Saved data entries
•••

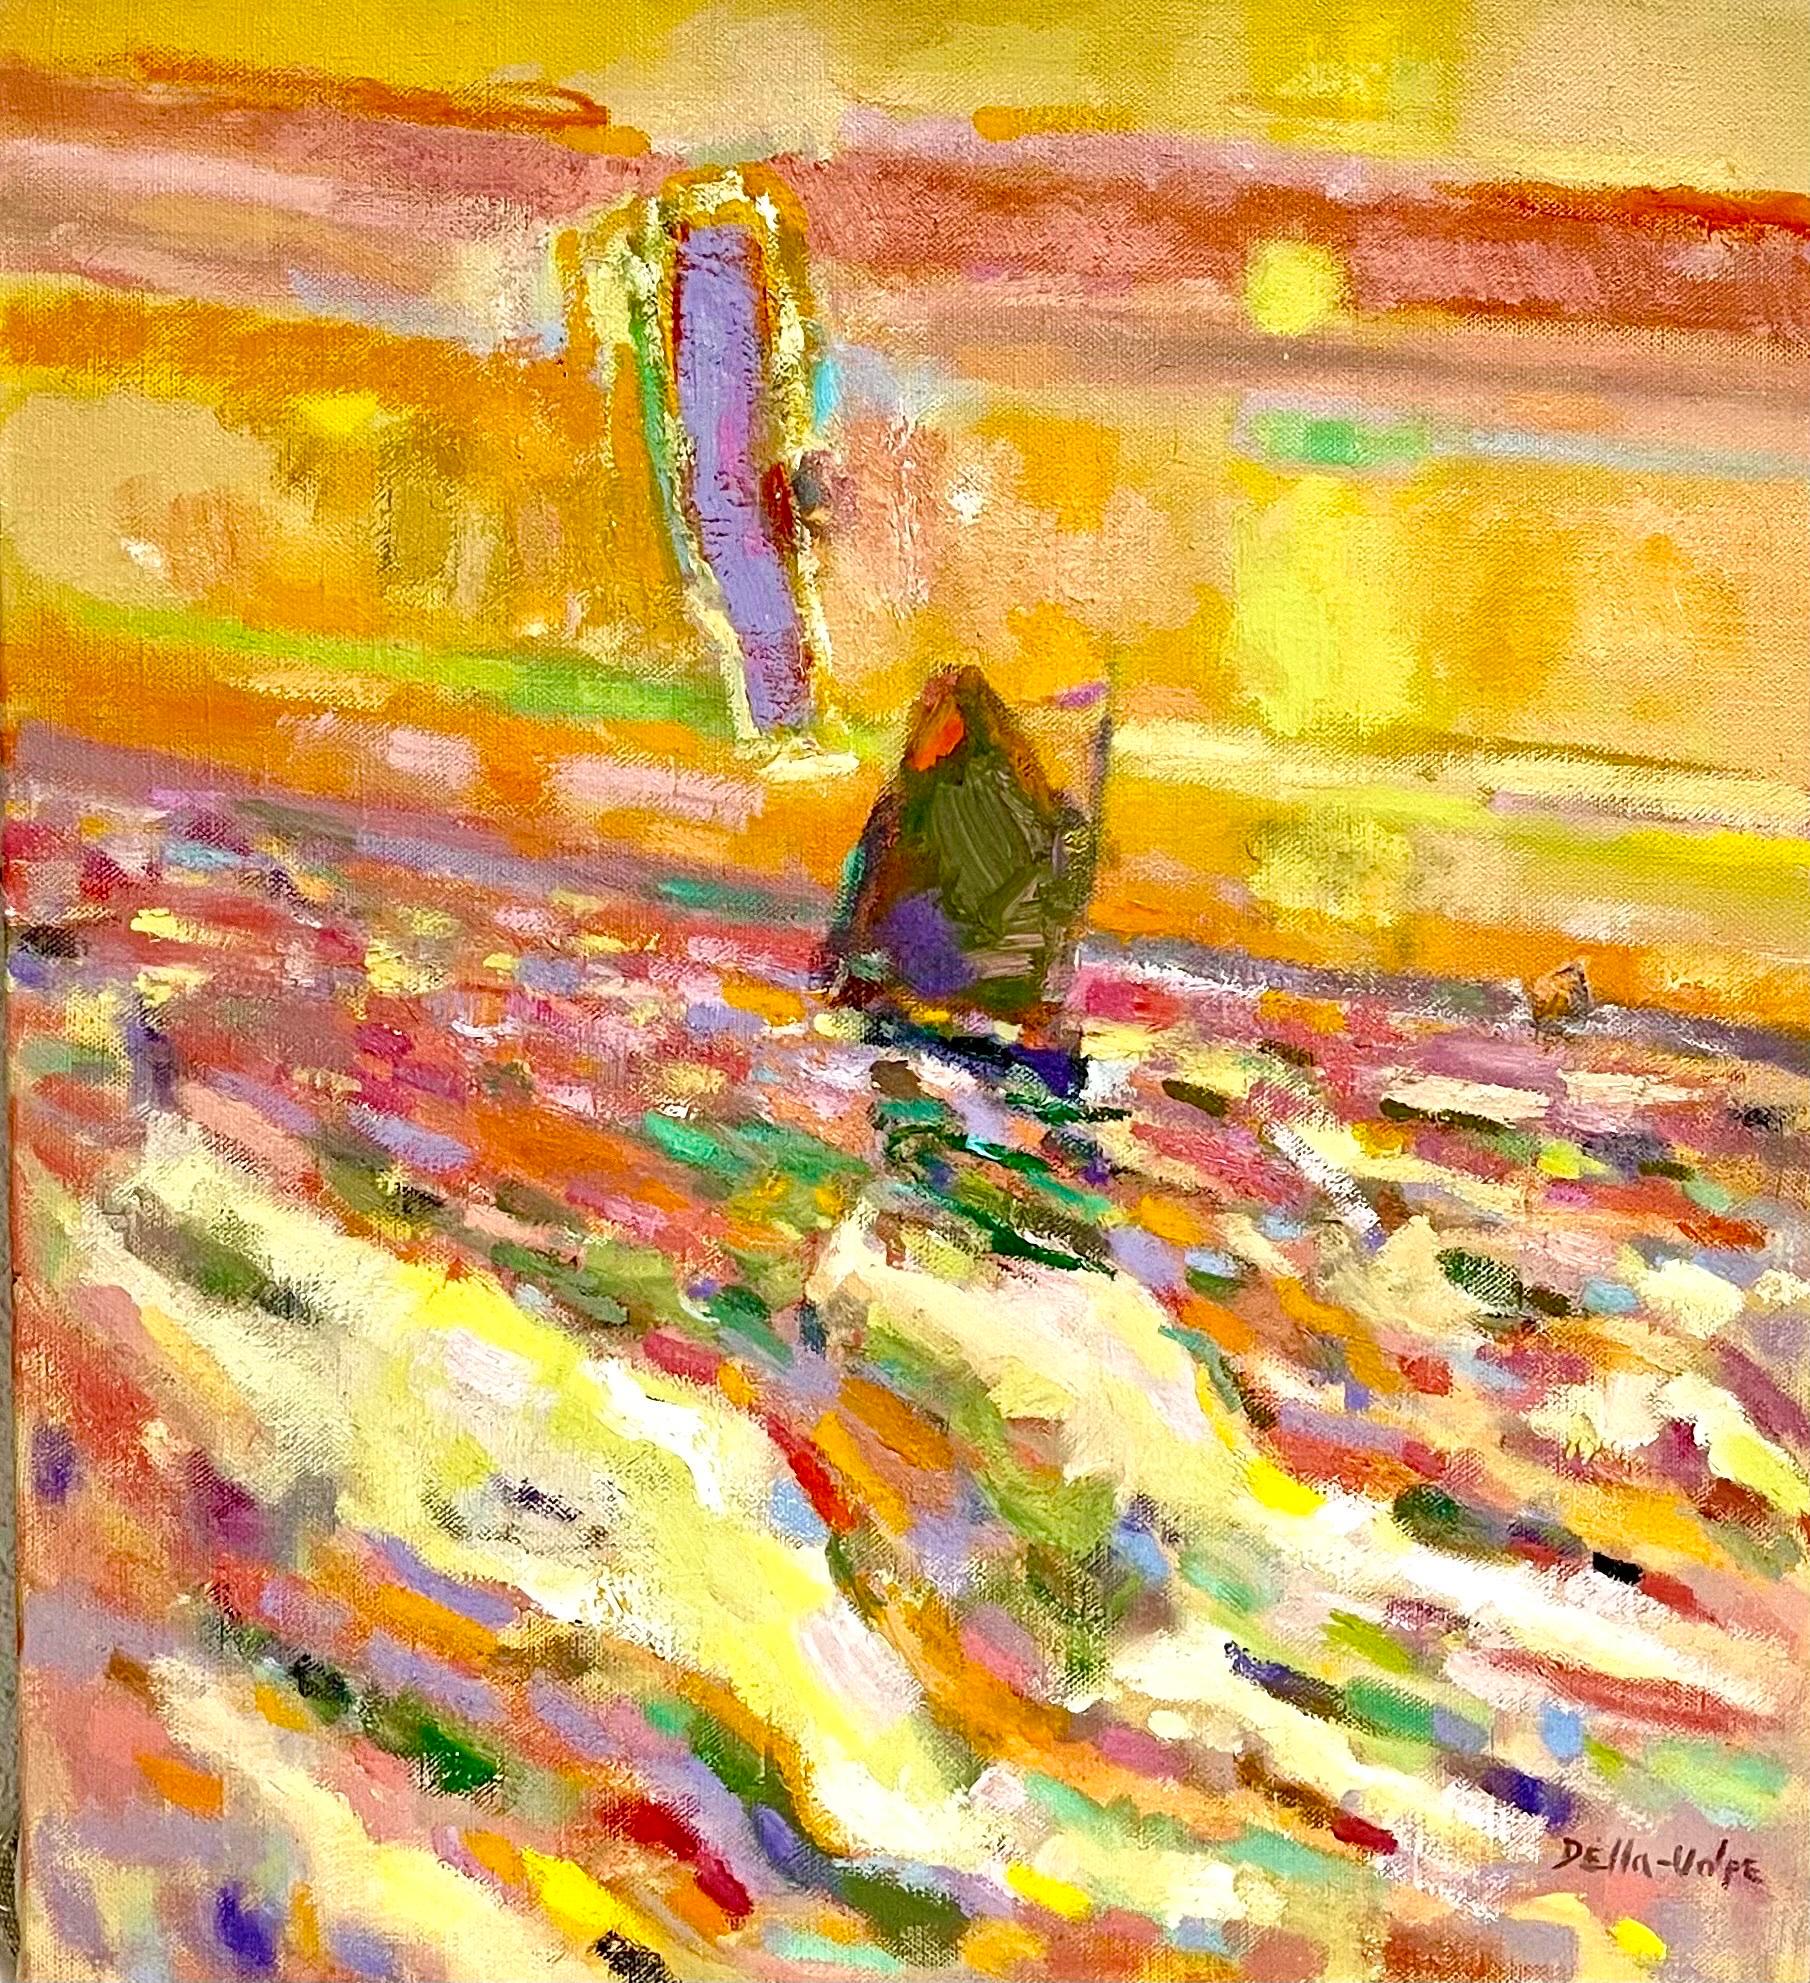 RALPH DELLA-VOLPE  (1923-2017)
Fine Art Painter, American Contemporary  
Sunset Sail
Oil on canvas
Hand signed lower right and verso
22 x 20 inches

Provenance: The Estate of the artist Ralph Della Volpe

TRAINING:
National Academy of Design
The Art

•••

Output exactly the lines between the one containing "Provenance: The Estate" and the final line above, both inclusive.

Provenance: The Estate of the artist Ralph Della Volpe

TRAINING:
National Academy of Design
The Art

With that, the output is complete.